Pictures are not part of the copy; reproduce the remaining data exactly.
*** Information supplied ***
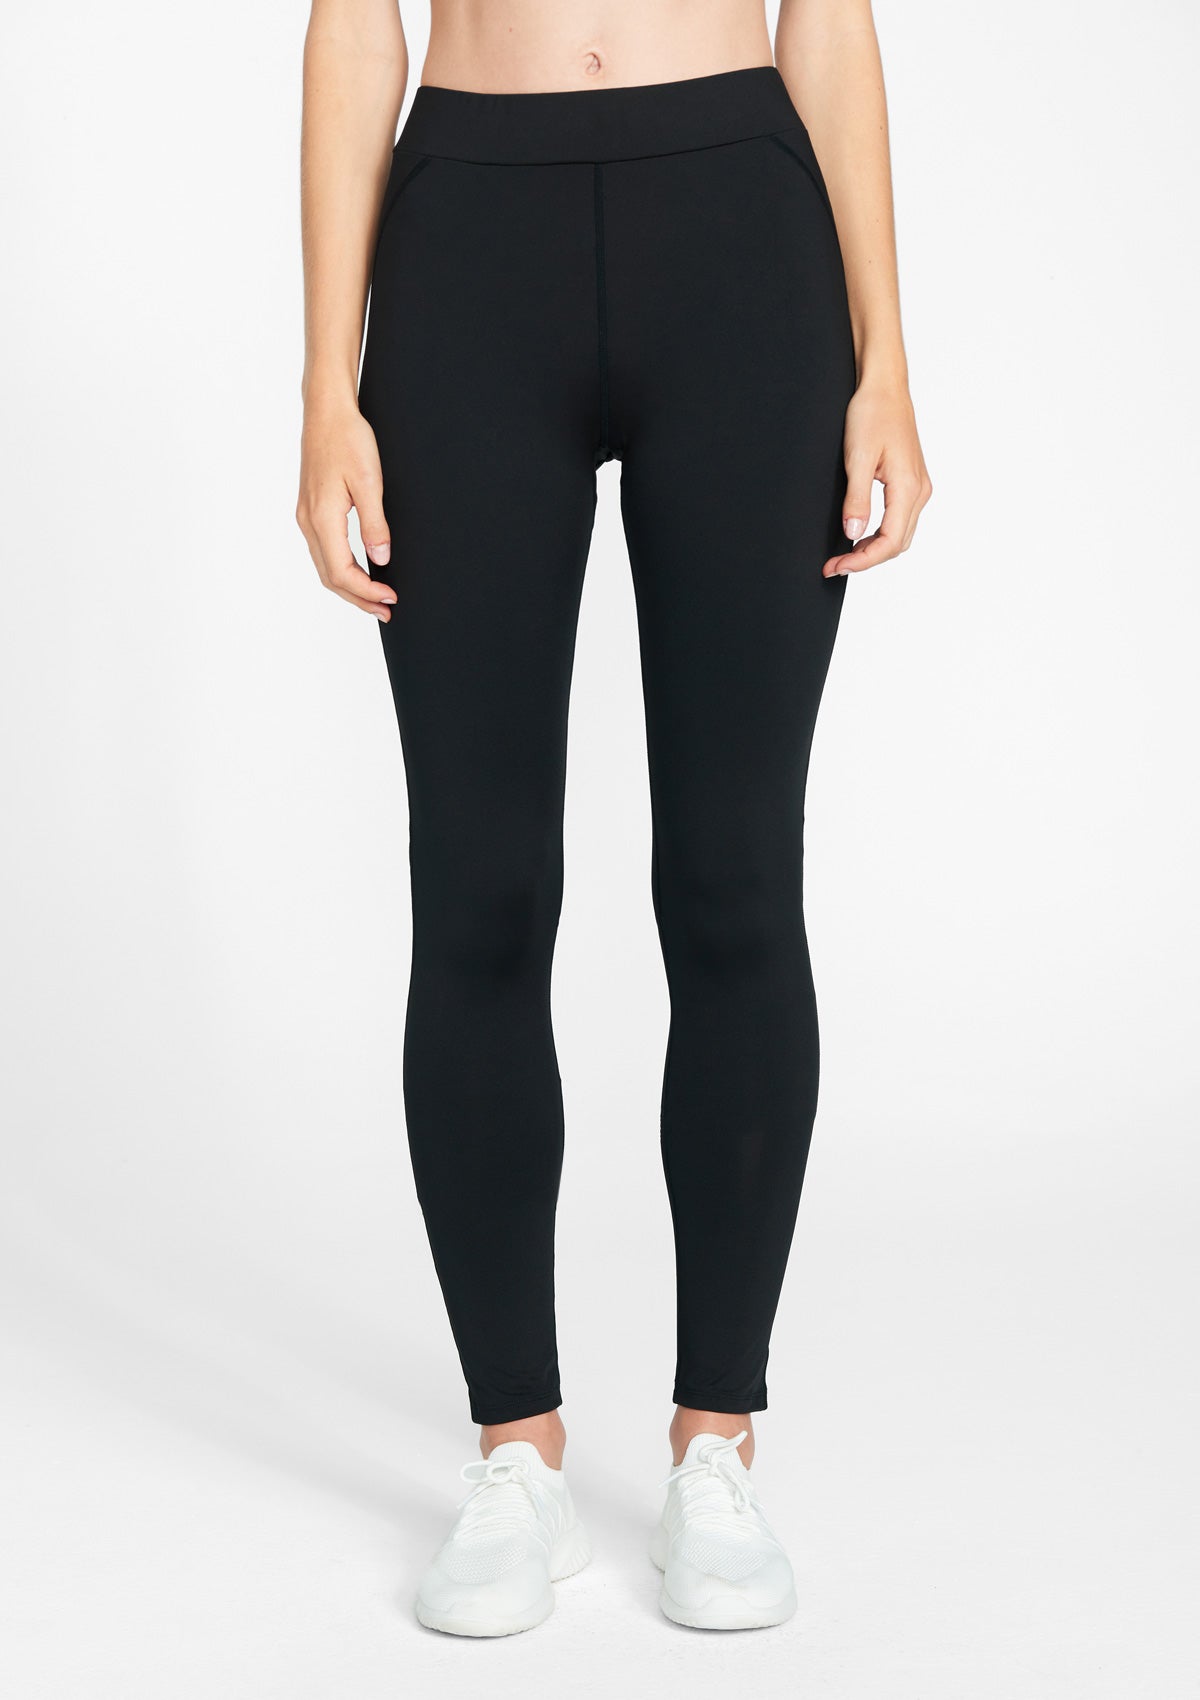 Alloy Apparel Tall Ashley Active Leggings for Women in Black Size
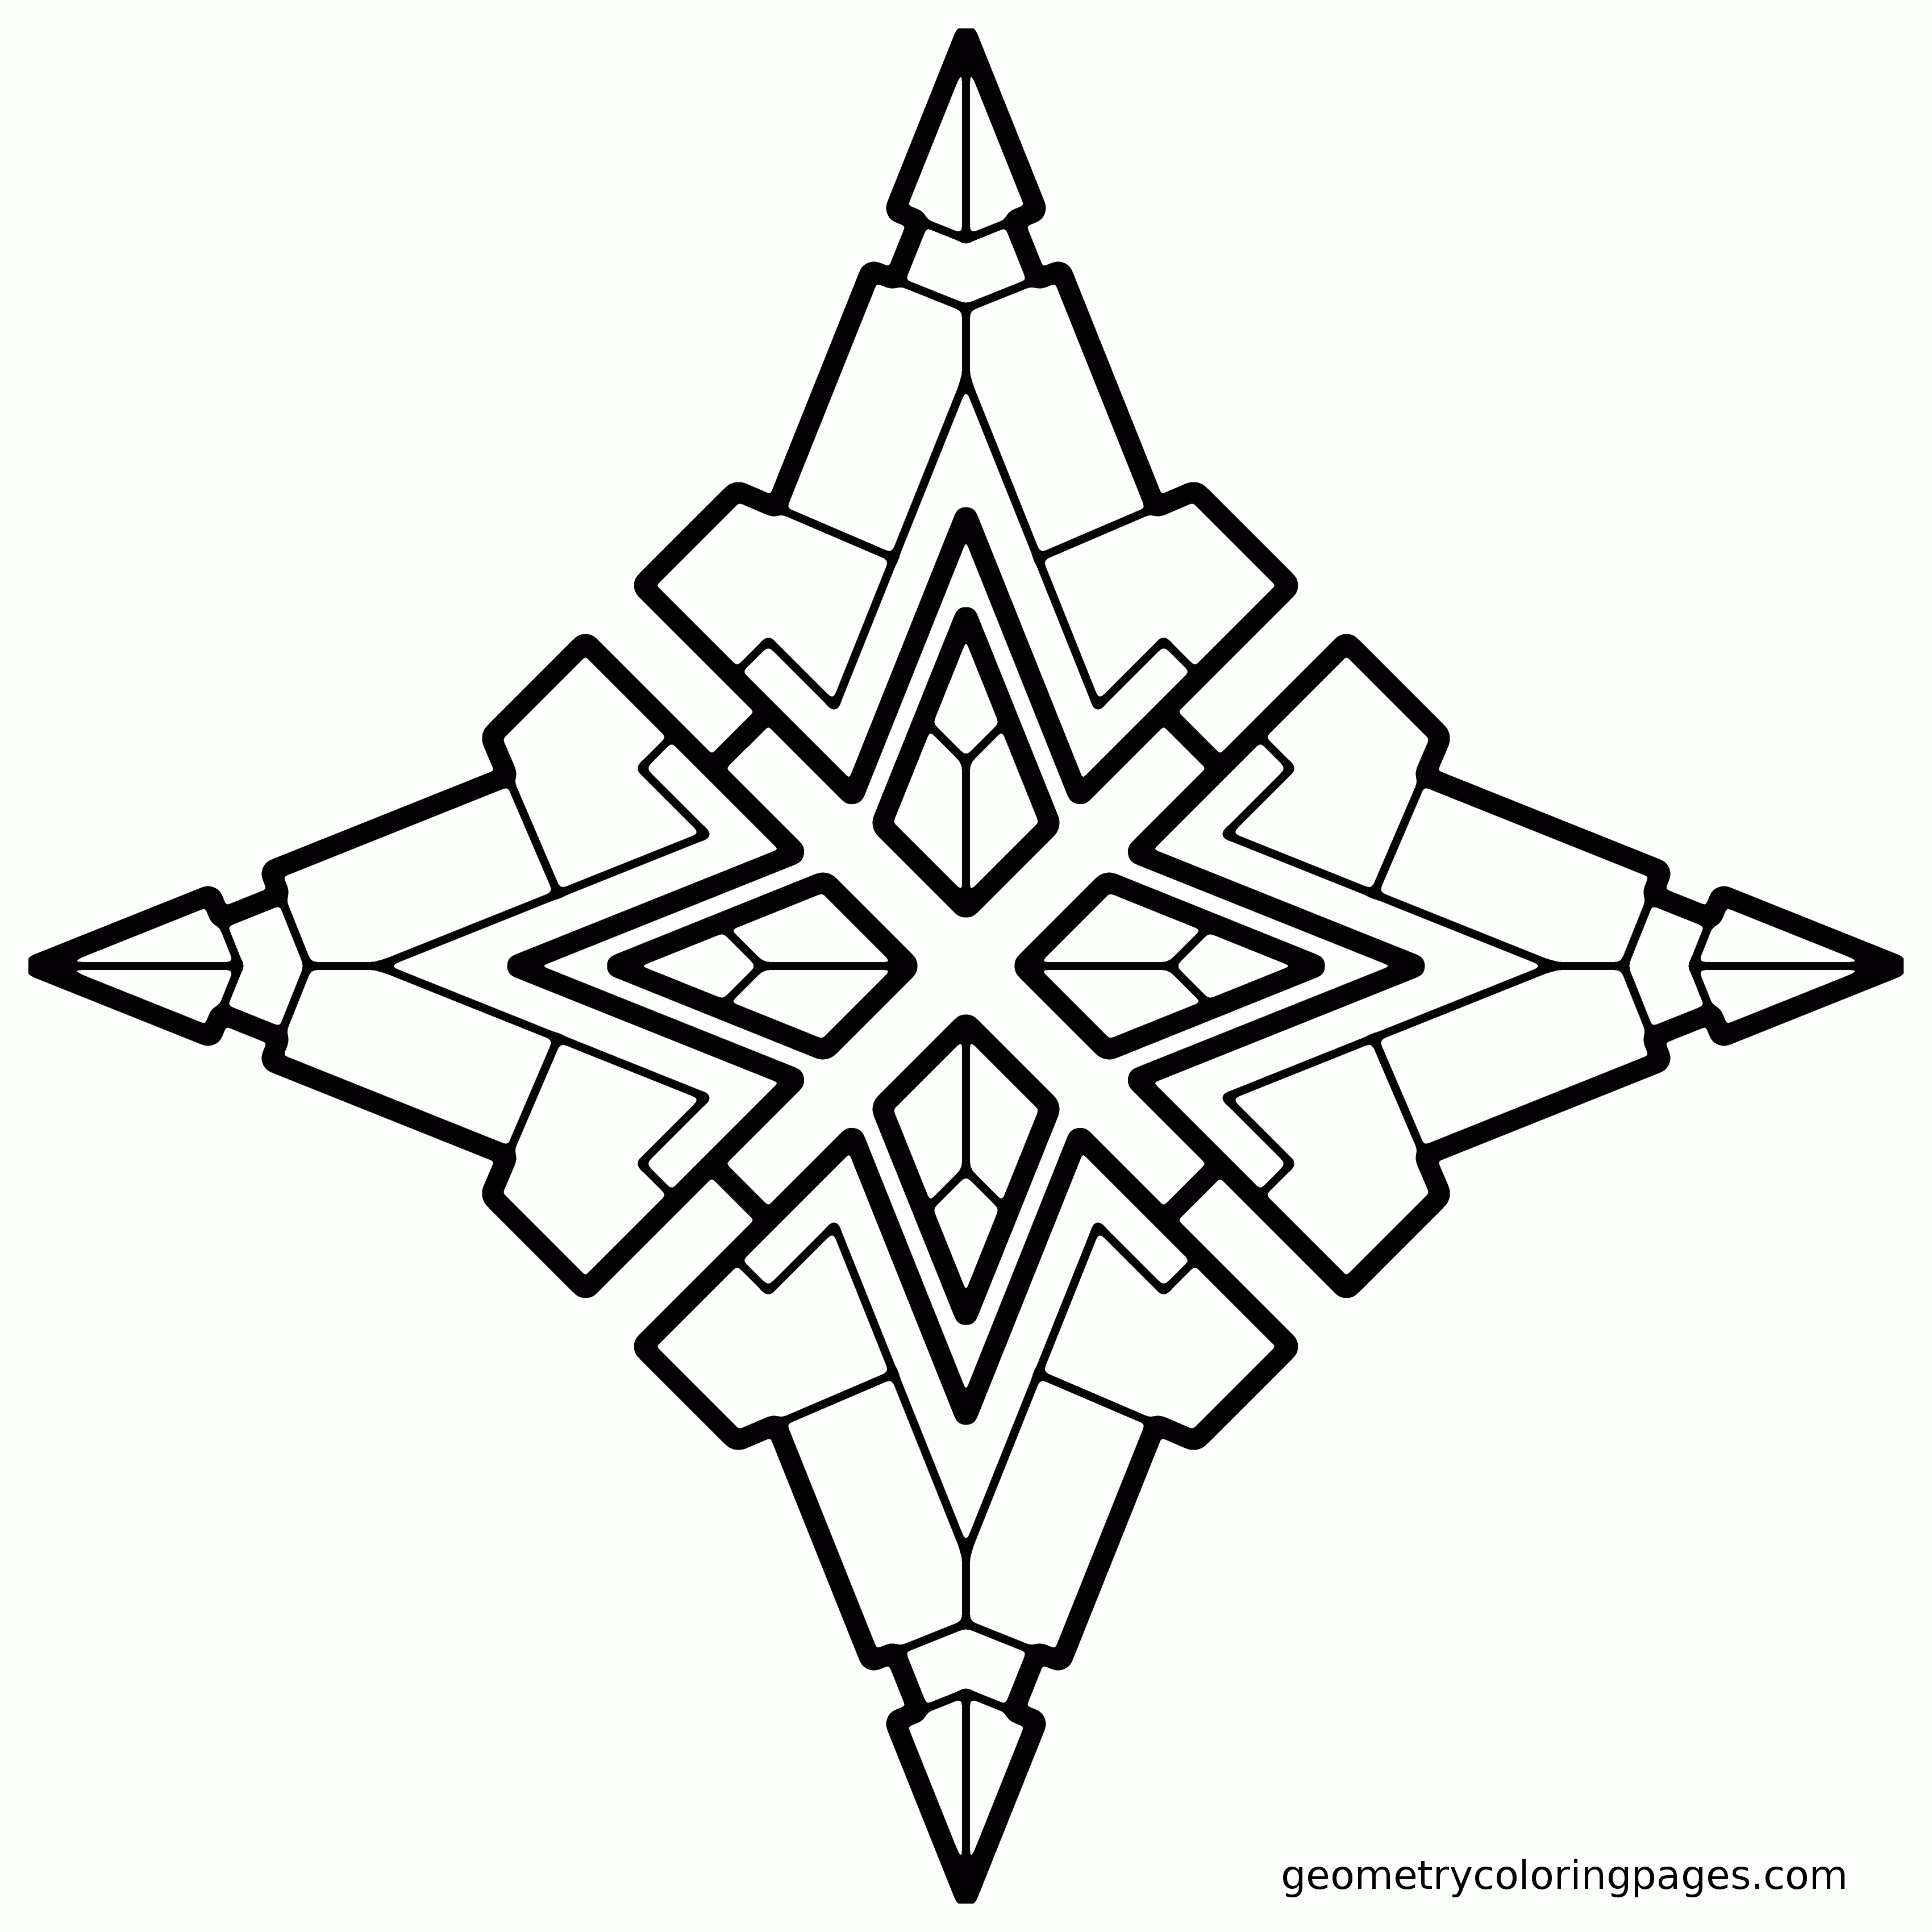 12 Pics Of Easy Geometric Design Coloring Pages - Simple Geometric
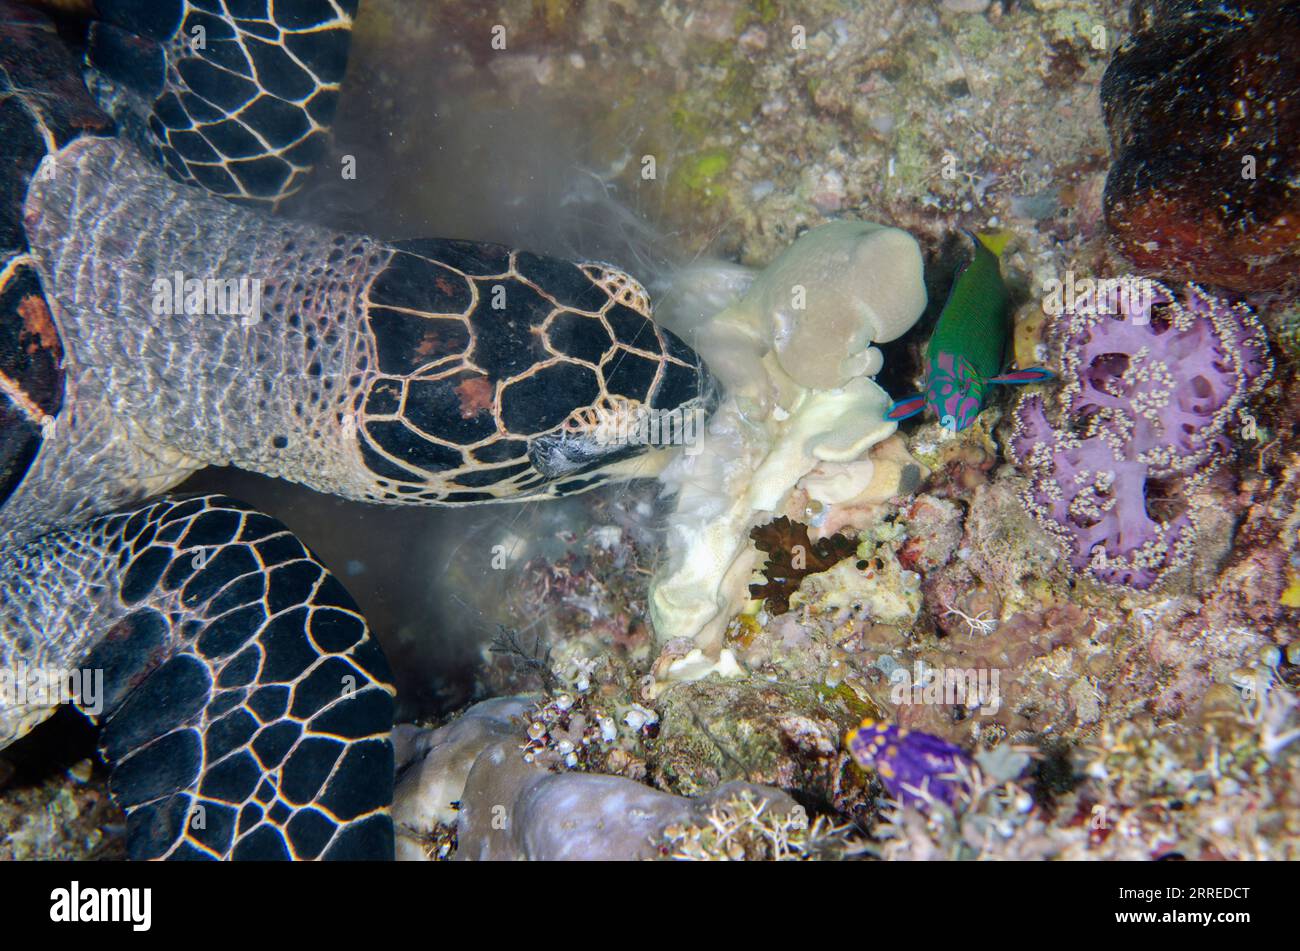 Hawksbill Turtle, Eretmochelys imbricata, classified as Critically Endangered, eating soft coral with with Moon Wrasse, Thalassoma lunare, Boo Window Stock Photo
*** End of Information supplied ***
Solution below:
 Alloy Apparel Tall Ashley Active Leggings for Women in Black Size
 12 Pics Of Easy Geometric Design Coloring Pages - Simple Geometric
 Hawksbill Turtle, Eretmochelys imbricata, classified as Critically Endangered, eating soft coral with with Moon Wrasse, Thalassoma lunare, Boo Window Stock Photo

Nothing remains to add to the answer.